Maestro - [4]
В скором времени репетиции превратились в сольные концерты Фридмана. Жители города стали приходить в кинотеатр задолго до начала сеансов, чтобы послушать пианиста; теперь зрительный зал всегда был полон, у входа люди "стреляли" билеты - независимо от качества фильма.
Как принято было писать в газетных репортажах, "результат не замедлил сказаться": на стене позади оркестра распласталось переходящее красное знамя с золотым шитьём "Пролетарии всех стран, соединяйтесь!" и "За отличные показатели в социалистическом соревновании". Знамя вручал САМ.

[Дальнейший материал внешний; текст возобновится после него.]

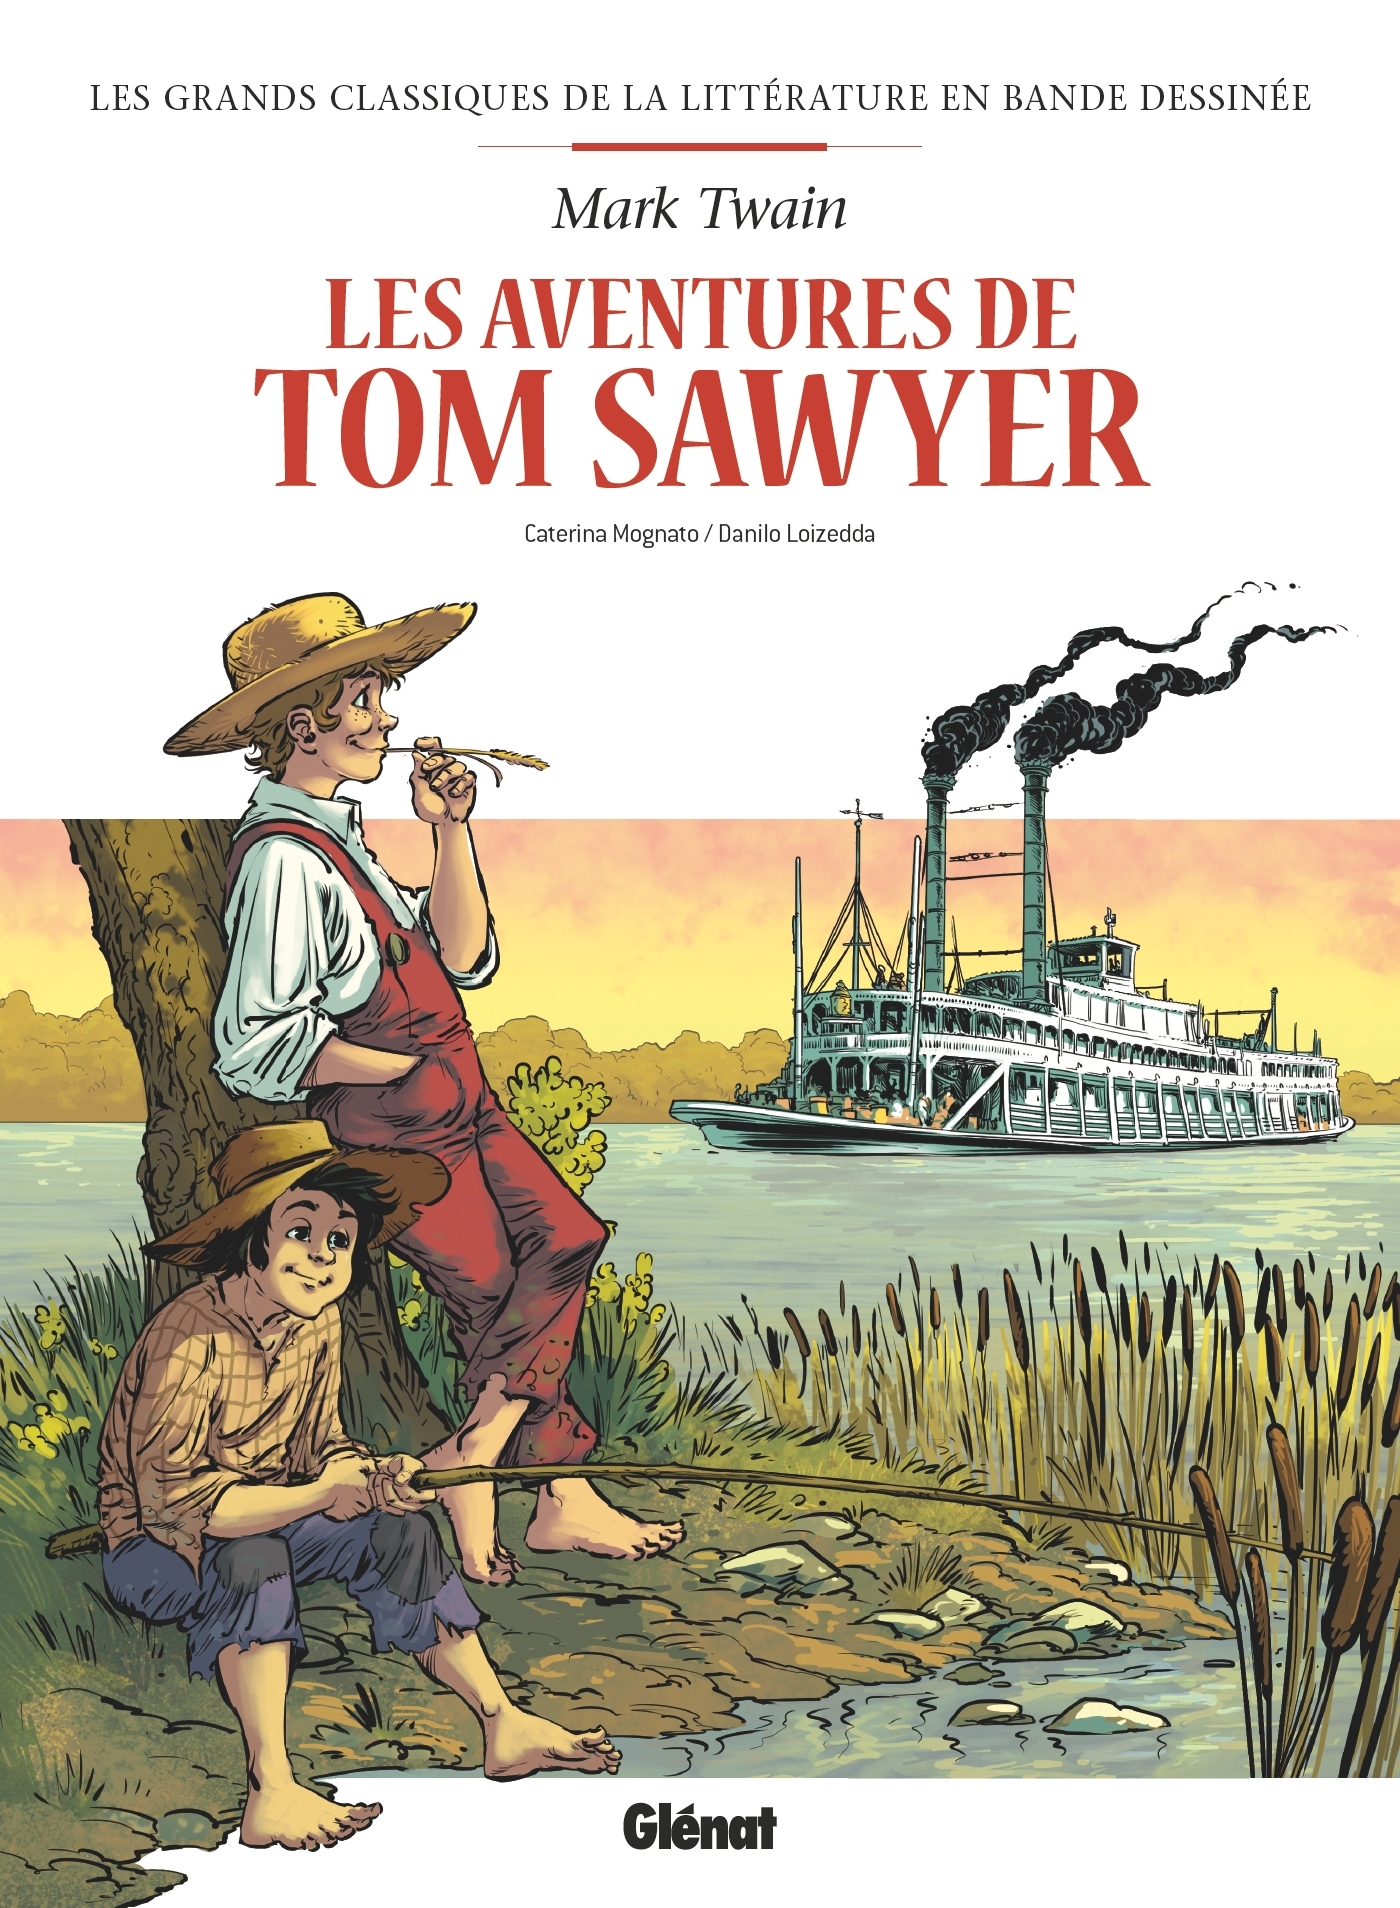 Tom Sawyer en BD (9782344027943-front-cover)

- Кадры решают всё! - сказал он, пожимая Каюкову руку.
Событие, разумеется, "обмыли" - как всегда, в узком кругу в оркестрантской комнате.
Водку разлили в стеклянные баночки из-под консервов.
- Желаю коллективу успехов в боевой и политической подготовке! Николай Андреевич скороговоркой произнёс тост, пугливо оглянулся на дверь, торопливо сглотнул водку и обтёр губы рукавом.
- Когда страна быть прикажет агоем у нас агоем становится любой лехаим! - Яша жадным залпом опорожнил свой "бокал".
- Допоёшься... на свою голову, - проворчал Ефим Соломонович.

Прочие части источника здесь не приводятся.